Category: News

We’ve now passed all the 2015 holidays and are settling into winter.

With that said, the coldest weather months (in spite of El Niño) are still yet to arrive. Sorry, I know you really didn’t want to be reminded…

Of the many things we can still find pleasurable throughout the upcoming months of cold, ice and snow are the warming, comforting thoughts; smells; and tastes of a hearty bowl of soup.

As for me, while I love all sorts of soups, perhaps those I love the most are the hearty ones chock-full of garnish. They’re the ones I really look forward to after a long day at work or a day spent outside. They fill me up and satisfy my appetite. Afterwards, I never feel like I sacrificed a good meal for the sake of a bowl of soup.

I also get bored easily, so many of my soups have multiple things going on so that each spoonful promises its own separate tastes and textures. I like that.

Here’s a perfect example of one of my Hearty Winter Soups. I really enjoy this soup with some warm, crusty garlic bread.

You can also garnish this soup with freshly grated Parmesan cheese as it’s bowled up.

Hearty Italian Medley: Makes 1 ½ Quarts or 4 Servings

1 TBSP                           Olive Oil

¼ Cup                            Fresh Fennel, Sliced Thin

½ Cup                            Sweet Onions, Cut ¾” Diced

1 tsp                              Chopped Garlic

2 Links                           Sweet Italian Sausage, Cut in ½” Pieces

1 Cup                             Chicken Breast, Diced ½”

1 Cup                             Small Shrimp, Peeled, Deveined

½ Cup                            Diced Tomatoes, With Juice

1 Quart                          Chicken Broth (or Stock)

1 Big Handful                  Baby Spinach Leaves

¼ tsp                             Oregano

To Taste                         Salt & Pepper

  1. In a medium-size sauce pot, sauté fennel, onion and garlic over medium heat until softened.
  2. Reduce heat to medium low and add sausage, chicken and shrimp. Cover and cook (while stirring occasionally) until chicken and sausages are cooked through.
  3. Add tomatoes and chicken broth and bring to a simmer. Simmer 10 minutes.
  4. Add spinach and oregano and simmer for 15 minutes.
  5. Adjust seasonings with salt and pepper to taste.

Chowders are another one of my hearty favorites.

Now, it probably goes without saying that if you like chowder, you’re probably in one camp or the other: the (white) New-England-style clam OR the (red) Manhattan-style clam chowder.

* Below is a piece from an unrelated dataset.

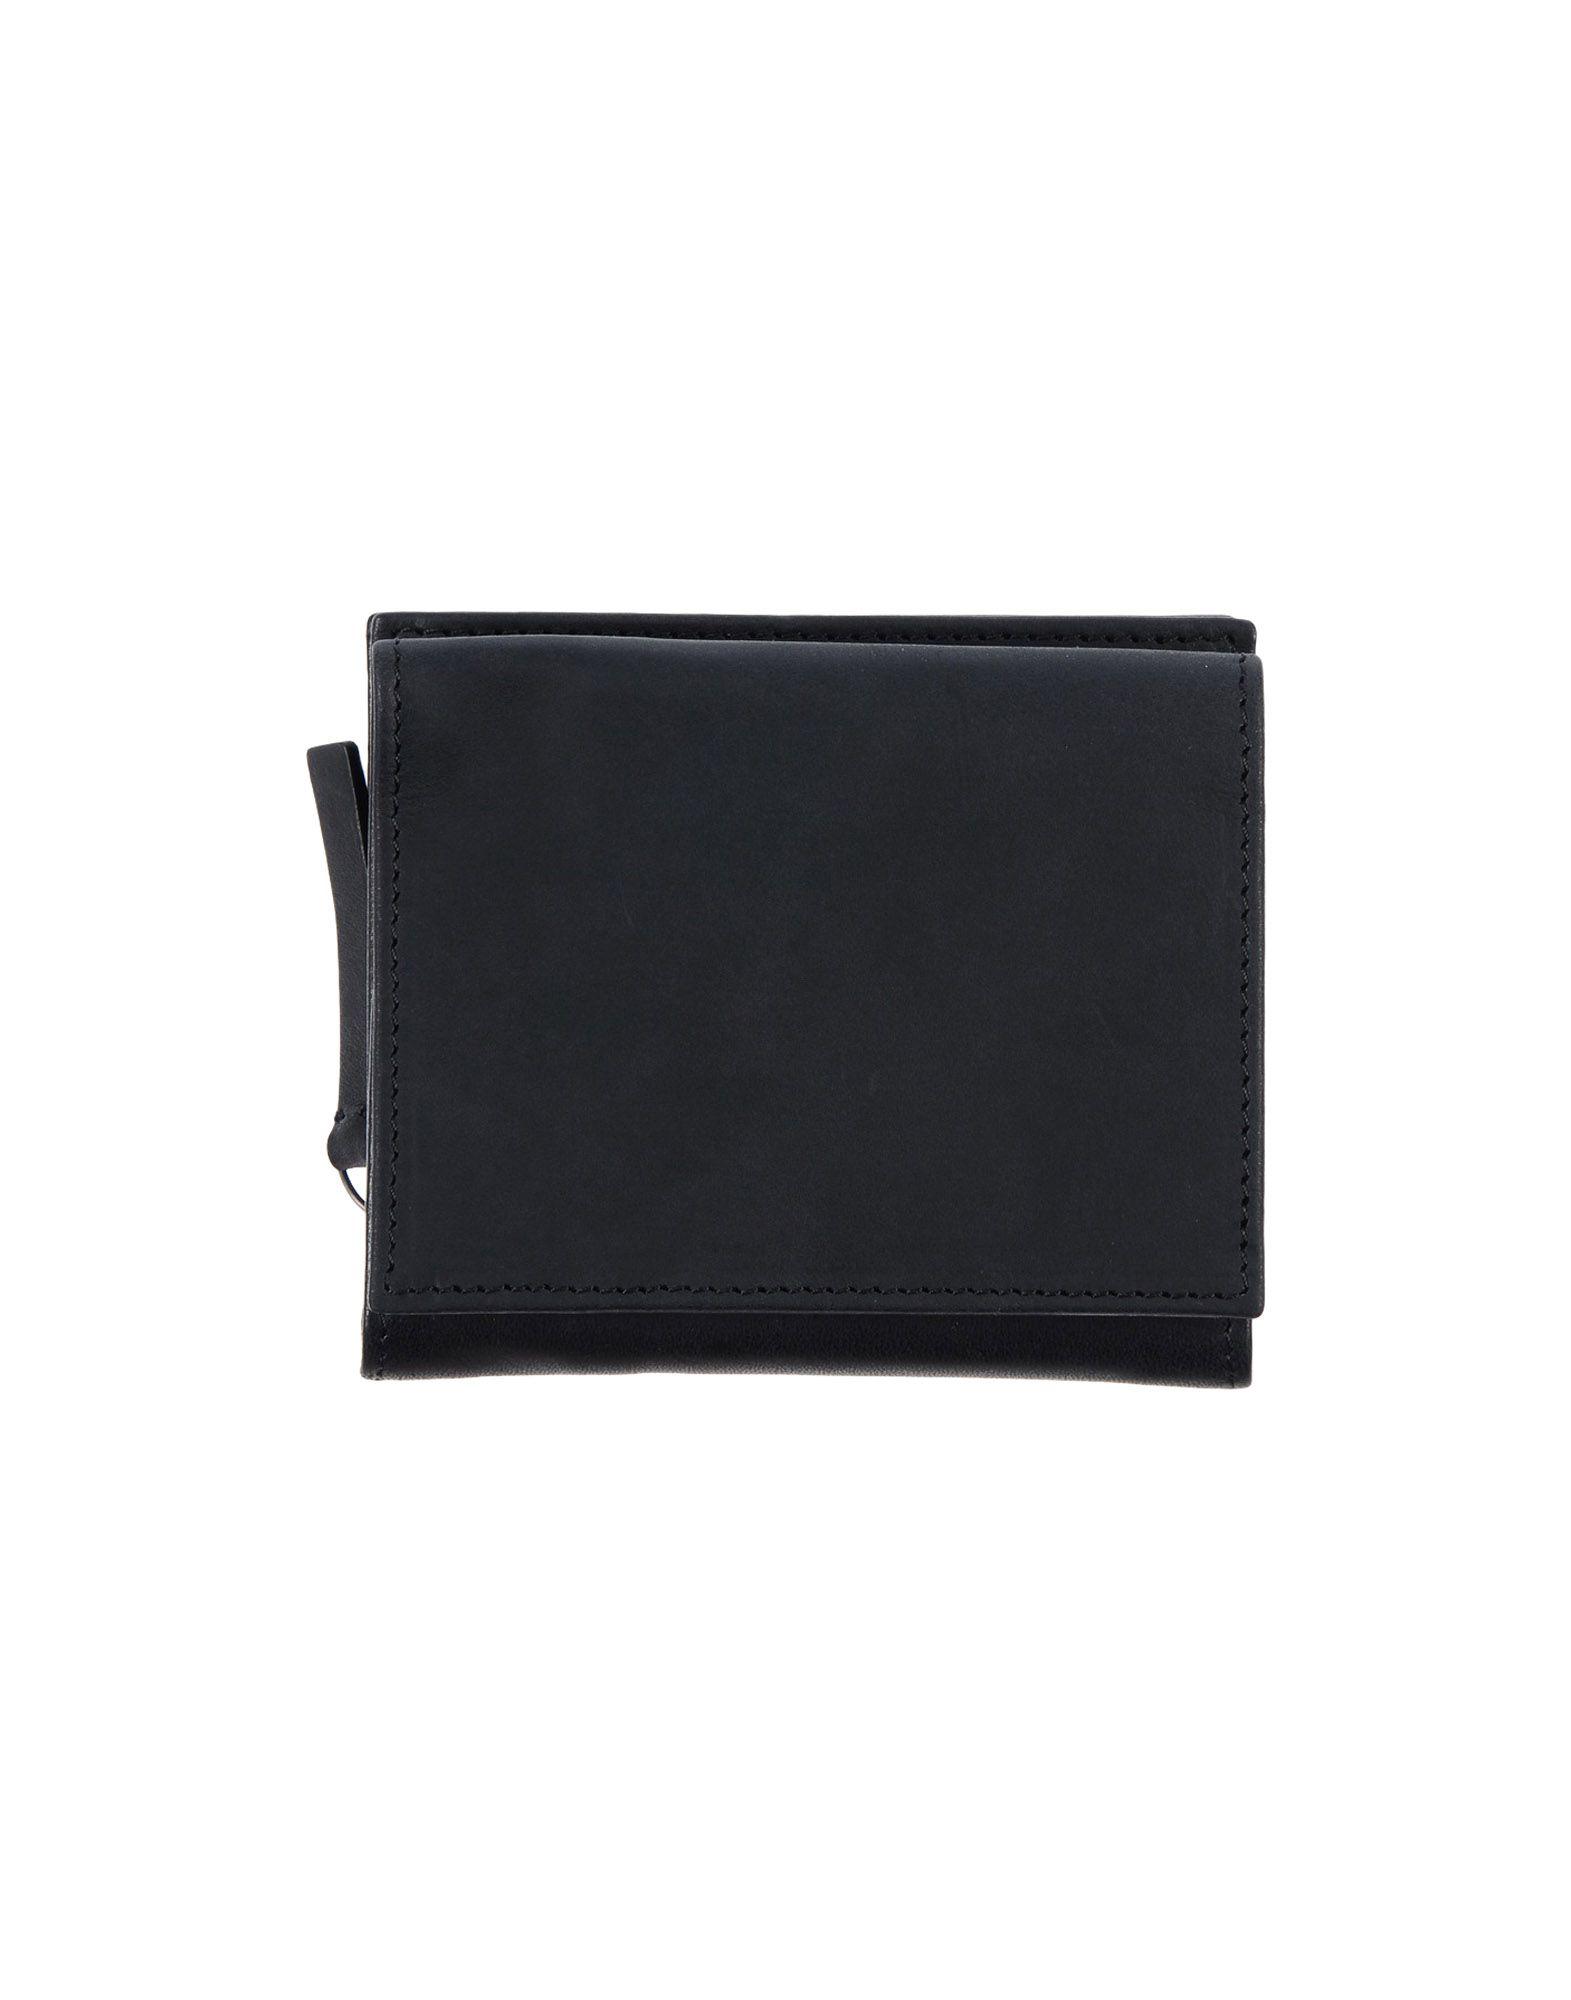 《送料無料》ANN DEMEULEMEESTER レディース 財布 ブラック 革

While I love them both, one chowder that I’m absolutely crazy about is Atlantic Salmon Chowder. If you love salmon and really want to do this soup justice, buy a small (but whole) salmon and ask Nino’s fish butchers to fillet it for you. Also, ask them to save you the head, skin and bones, so you can simmer them in some water to make a salmon broth for this soup. Otherwise, a product like Kitchen Basics Fish or Seafood Broth will do just fine in this recipe.

This chowder goes particularly well with whole grain crackers or sourdough bread.

Atlantic Salmon Chowder: Makes 1 ½ Quarts Serves 4

2 Strips                           Maple Bacon, Raw, Finely Chopped

½ Stick                           Salted Butter

2/3 Cup                          Sweet Onions, Chopped

½ Cup                            Celery, Chopped

¼ Cup                            Red Bell Pepper, Finely Chopped

2 tsp                               Garlic, Minced

1⁄3 Cup                           All-Purpose Flour

3 Cups                            Salmon, Fish or Seafood Broth

1 TBSP                            Tomato Paste

½ Cup                            Heavy Cream

1 tsp                              Parsley Flakes

1/8 tsp                           Cayenne Pepper

½ tsp                             Paprika

2 TBSP                           Fresh Dill, Chopped

1 ½ Lbs                         Atlantic Salmon, Diced ½” Cubes

1 Cup                            Cooked Red Skin Potatoes, Diced ½”

To Taste                        Salt & Pepper


  1. In a medium-size sauce pot, over medium heat, sauté bacon until nearly crisp. Then add butter and sauté onion, celery, red bell pepper and garlic together over medium heat until softened.
  2. Add flour and cook while stirring constantly for 5 minutes to cook flour into a roux.
  3. Add broth and the tomato paste, and stir with a whisk until mixture comes to a simmer and thickens.
  4. Add cream, parsley, cayenne, paprika and dill, and simmer 10 minutes.
  5. Add salmon and reduce to a VERY low simmer. Stir gently until salmon pieces are cooked through and are firm and opaque.
  6. Add cooked, diced red skin potatoes and cook an additional 3 minutes to reheat the potatoes.
  7. Adjust seasonings with salt and pepper.


As with all soup recipes, as you prepare them, feel free to add or subtract ingredients to your taste and take notes so that your next batch is exactly to your liking.

Most importantly, enjoy the process as much as the results.

Soups are one of THE best winter meals going.